Mortgage Blog

How Much Do I Need for a Down Payment?

February 2, 2016 | Posted by: Laurie Anne Faulkner

What is a Down Payment?

A down payment is the money you put forward toward the price of a home – your cash outlay - this amount needs to be a minimum of 5% of the purchase price for a home up to $500,000 and an additional 10% of any purchase price over $500,000.  Your deposit will form part of these funds.

Closing costs are in addition to your down payment.

Lenders and insurers require that your down payment be derived from non-borrowed resources. You can verify this in many ways, including:

Savings : A lender will need to see a 3-month history (in the form of bank statements) of your bank account to verify the savings you have available for a down payment. The reason for the history is to show that the money was indeed saved.

Gift: It is acceptable to have a down payment given to you.

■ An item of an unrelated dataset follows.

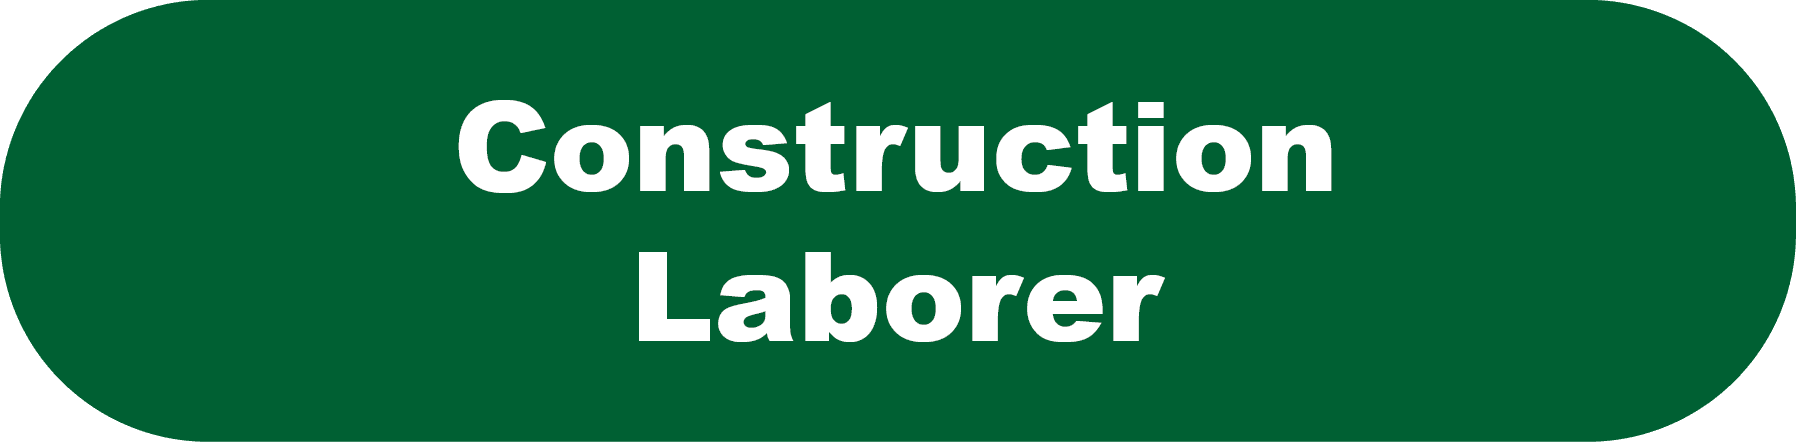 Construction Laborer

The gift must be from a direct relative and accompanied by a letter stating that the money does not have to be paid back. A statement from your bank account showing the deposit of the gift into your own account is also required. The statement must include your name, account and transit number as well.

Equity from the Sale of your Property: If you are using the funds from the sale of a currently owned property that you will or have sold, the lender will want to see either a copy of a firm contract of purchase and sale on that property, or if the home has already been sold, a statement of adjustment from the sale provided by your lawyer at closing and a current bank statement showing funds on deposit.

Investments (non-registered): Stocks, bonds, GICs, and other investments can also be used for your down payment. A 90 day statement showing your name and account number will also be needed for verification.

RRSP: If you haven’t owned a house in the past five years you may also use your RRSPs for your down payment – tax-free. The limit is $25,000 in RRSP assets per person. Aft the start of your 2nd year in the home you will; start to pay this back in equal payments over 15 years. Check with your financial advisor about further stipulations and to see whether this works with your financial plan.

What Should My Down payment Be?

To Purchase a home depending on ones qualifications and situation a minimum of 5% for down payment depending on the purchase price plus closing costs (on average we say 1.5% to 2%) of the purchase price may be acceptable or as much as 35% down plus closing costs for other situations.

A Pre-Approval will help determine exactly what your individual situation will be.

For many people, saving for a down payment is the hardest part of buying a home. At one time, you needed a down payment of 25% of the price of your home. Nowadays,  as discussed above, you can buy a home with as little as 5% down if the purchase price is under $500,000.

Should you? Reasons for: Reasons against:

Wait and build up a large down payment?
• You will pay less interest.
• You can avoid paying for mortgage insurance.
• You reduce the risk of not being able to pay back the loan if the value of your home drops and you have to sell.
• You have to wait to own a home and you will pay more rent.You could have put that rent towards paying a mortgage, and owning more of your home faster.
• You have to be disciplined or you could spend your savings on other things.
• In some areas, house prices may rise faster than you can save the down payment.

Buy earlier with some other type of loan?
• You can stop paying rent sooner and get into a home faster.
• You have the chance to own more of your home sooner.
• You don’t risk house prices rising more than you can afford.
• You will pay more interest.
• You will have more worries if you take on more debt than you can handle.
• If you have to sell and the value of your home drops, you may not be able to pay back the loan.

Tip: It costs less to borrow if your down payment is at least 20%. If you put less down, you will have what is called a “high-ratio mortgage.” This means you will have to buy insurance from the Canada Housing and Mortgage Corporation (CMHC), at an additional cost to you.